Pressemeldung vom 22. August 2011, 13:31 Uhr

BAHNHOF WILHELMSHAVEN
Die kürzlich stattgefundene Veranstaltung „1 Jahr vor Eröffnung des
JadeWeserPorts“ am 05. August hat Oberbürgermeister Menzel genutzt, um den
Konzernbeauftragten der Deutschen Bahn AG für die Region Nord und die
Länder Bremen und Niedersachsen, Ulrich Bischoping, auf die langjährigen
Wilhelmshavener Bahn-Probleme anzusprechen.
Menzel hat in dem Gespräch die Zustände im Bahnhof in der Nordseepassage
verdeutlicht und dabei auch das Bahnumfeld nicht unerwähnt gelassen.

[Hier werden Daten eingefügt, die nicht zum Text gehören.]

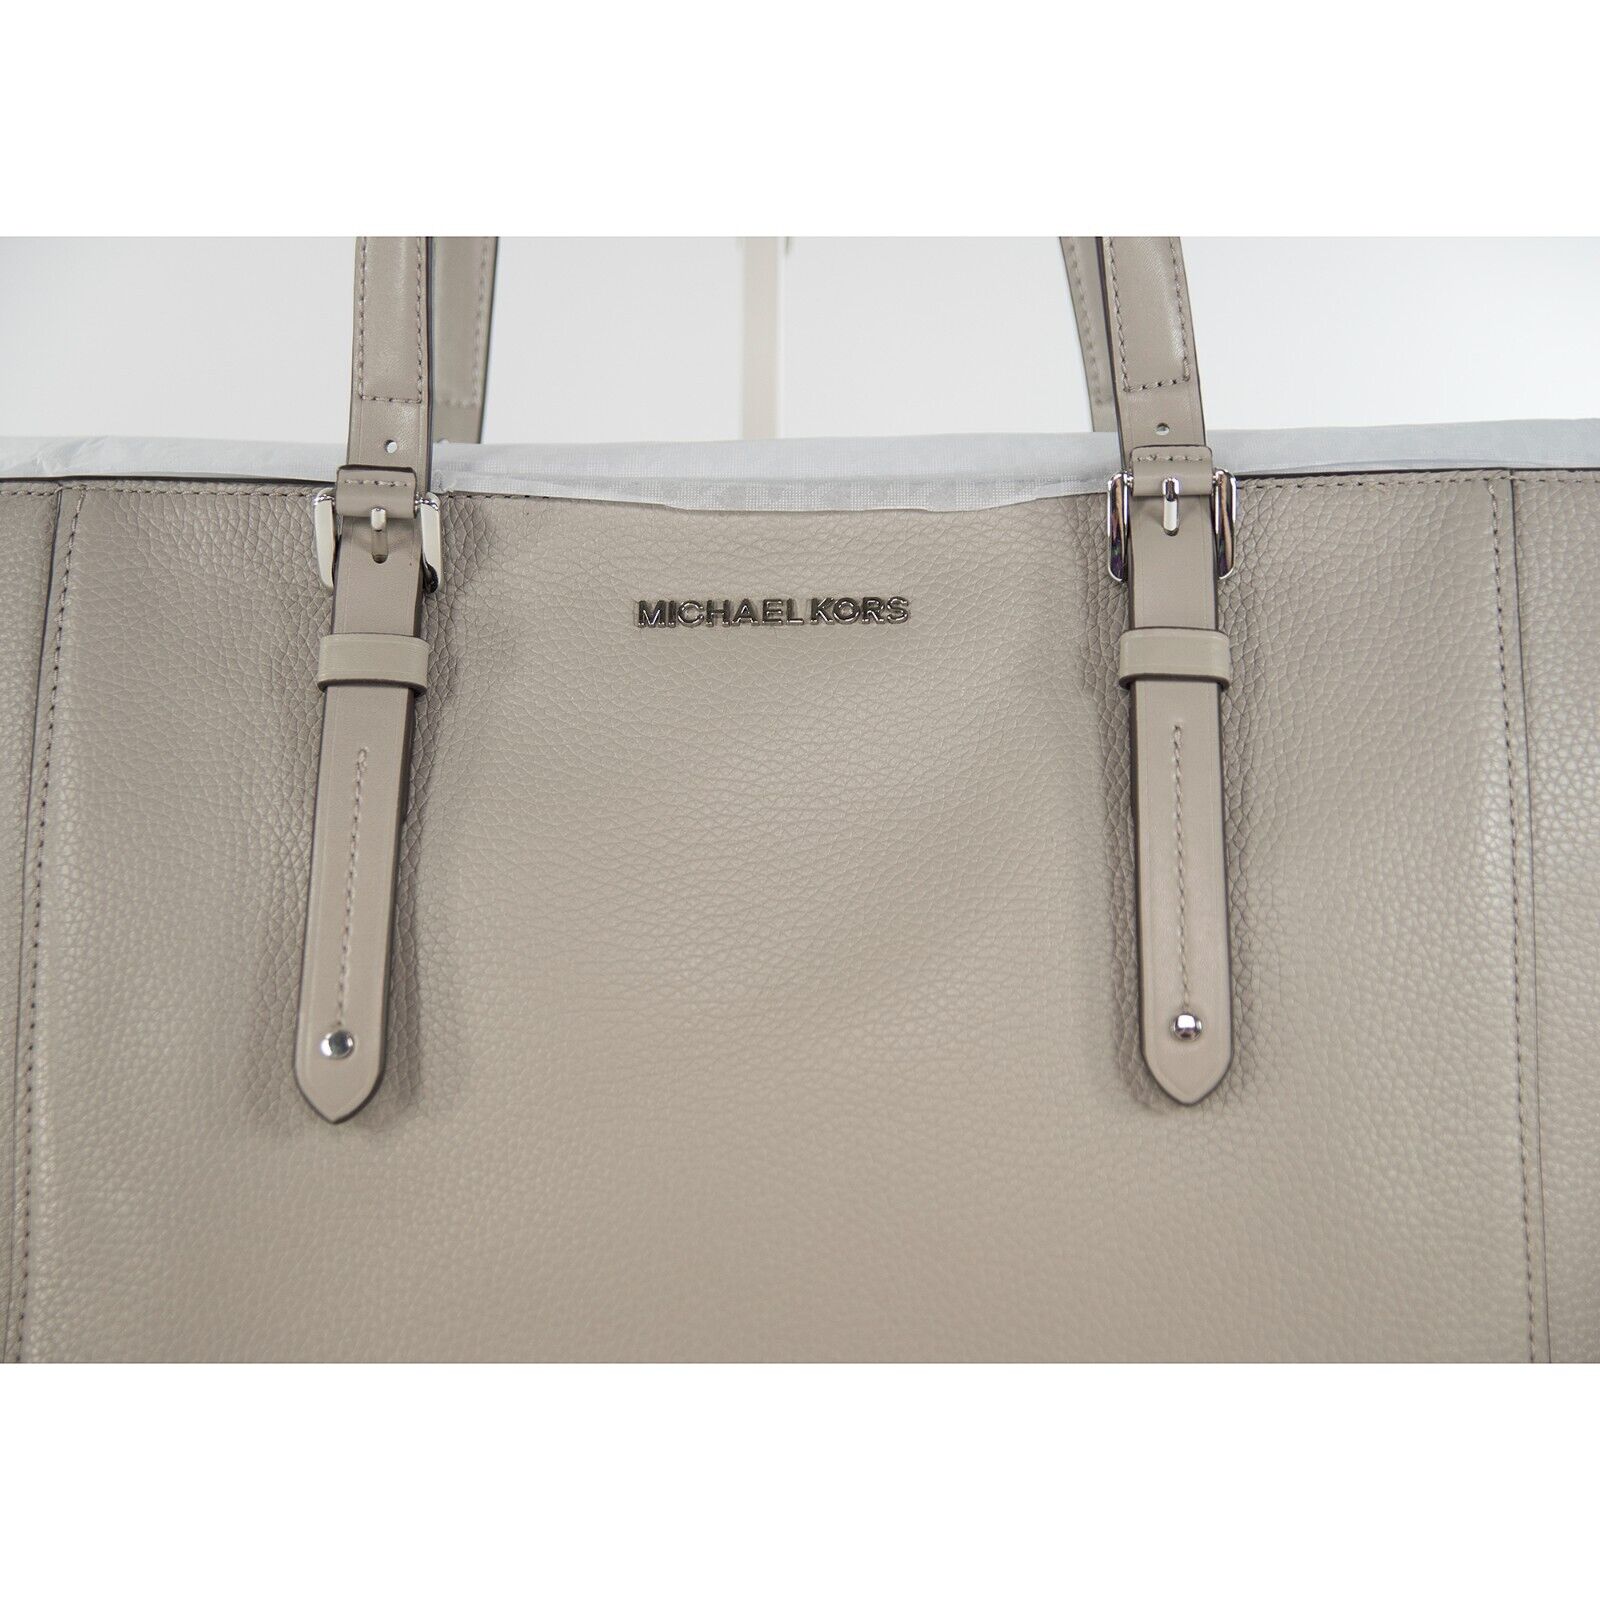 Michael Kors Pale Blue Saffiano Leather Multifunction Travel Tote Bag NWT
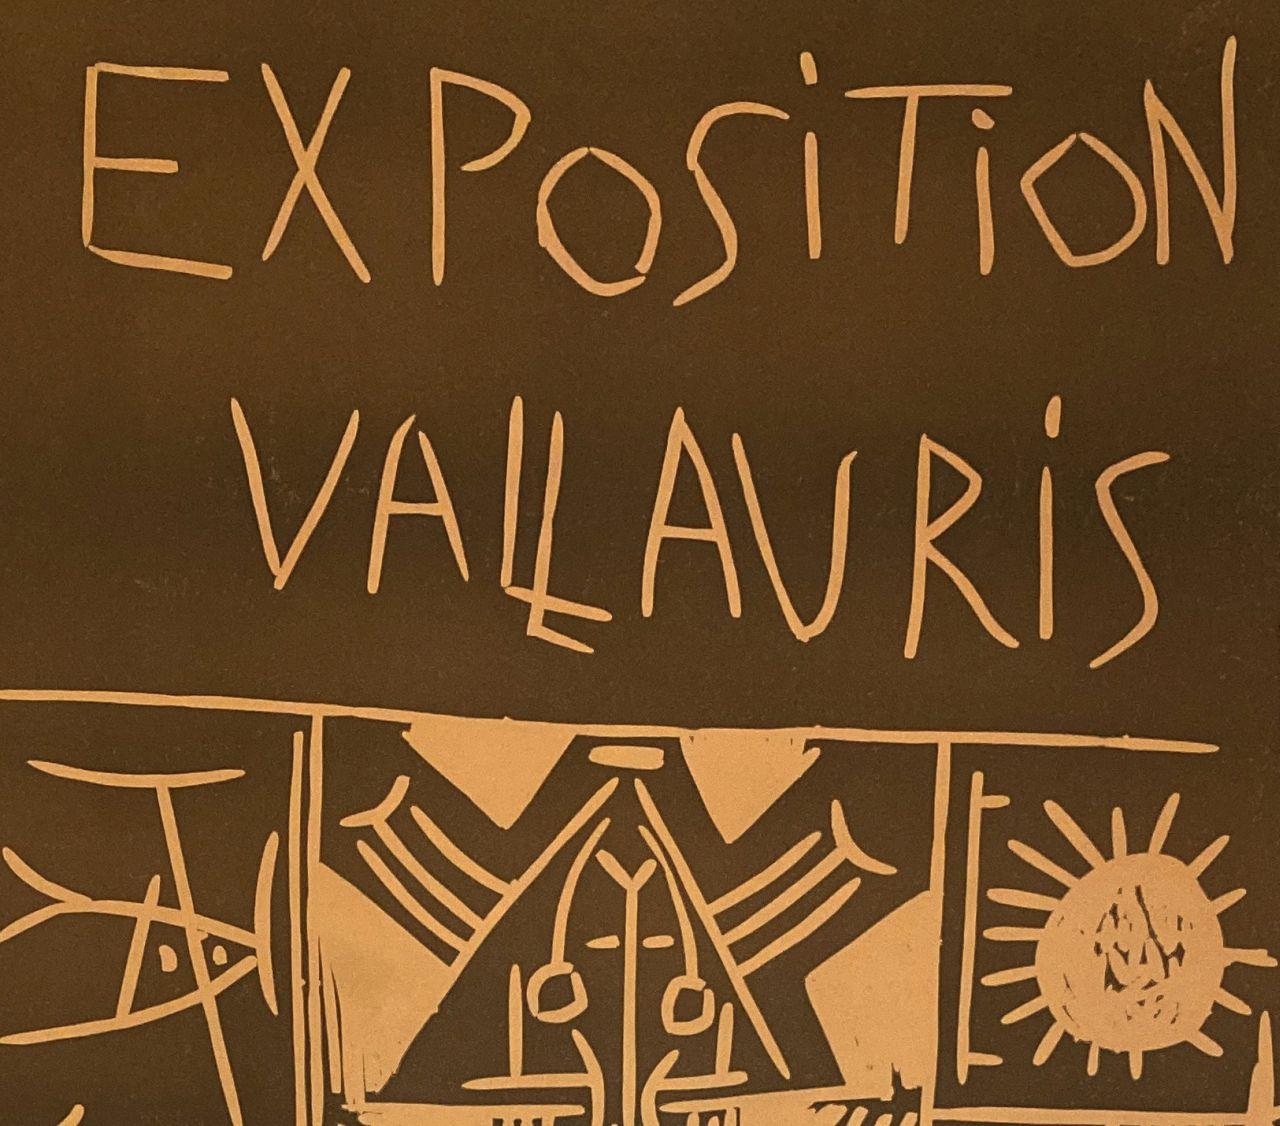 Exposition Vallauris 1961 - Original Linocut Signed in the Plate - Bloch 1295 - Modern Print by Pablo Picasso

Unter
Hinweis auf die unzähligen Gespräche mit den verschiedensten zuständigen
Stellen bei der Bahn beklagte er nicht nur die ungepflegten Zustände,
sondern auch die unübersichtlichen Strukturen, die sich als entscheidend
nachteilig erwiesen hätten, den Zustand in und um den Bahnhof herum zu
verbessern. Ulrich Bischoping sagte zu, mit den einzelnen Verantwortlichen
nach Wilhelmshaven zu kommen, um das Thema in größerer Runde zu besprechen
und Lösungen zu erarbeiten. OB Menzel warte derzeit darauf, dass dieser
anvisierte Termin nun schnellstens stattfinde.
Konkret habe Menzel gegenüber dem Konzernbeauftragten Bischoping den
Bahnübergang Metzer Weg angesprochen. Hier habe die Stadt seit Sommer 2004
vergeblich auf den desolaten Zustand des Bahnübergangs hingewiesen. Eine
Sanierung des Übergangs durch die Bahn wurde frühestens für das Jahr 2013
avisiert. Da sich der Zustand im Lauf der Zeit immer weiter
verschlechterte und die Situation für die den Übergang frequentierenden
Verkehrsteilnehmer damit immer gefährlicher geworden sei, gab es bereits
den Versuch, ob nicht die Stadt im Vorfeld der Aktivitäten der eigentlich
zuständigen DB tätig werden könne, um die Situation zu entschärfen. Es
zeigte sich aber, dass die Stadt hier keinerlei Arbeiten durchführen darf,
dies sei allein der Bahn möglich.
Im Januar 2011 ergab sich dann die Möglichkeit, die Problematik mit dem
vor Ort zuständigen Sprecher der Bahn zu debattieren. Dieser teilte
schließlich mit, dass die Maßnahme um ein Jahr vorgezogen werde. Eine
schriftliche Bestätigung blieb bis heute aus, Nachfragen wurden nicht oder
ausweichend beantwortet.
Zur Thematik Hauptbahnhof Wilhelmshaven habe OB Menzel gegenüber dem
Konzernbeauftragten verdeutlicht, dass Wilhelmshaven mit über einer
Million Tagesbesuchern pro Jahr das wichtigste Tagesausflugsziel an der
niedersächsischen Nordseeküste sei. Viele Gäste reisten mit der Bahn aus
Osnabrück und Oldenburg an – auch zur Weiterfahrt nach Helgoland. Der
Hauptbahnhof stelle für Wilhelmshaven jedoch keine Visitenkarte dar, er
mute ungepflegt und verdreckt an und sei ohne jeglichen Service.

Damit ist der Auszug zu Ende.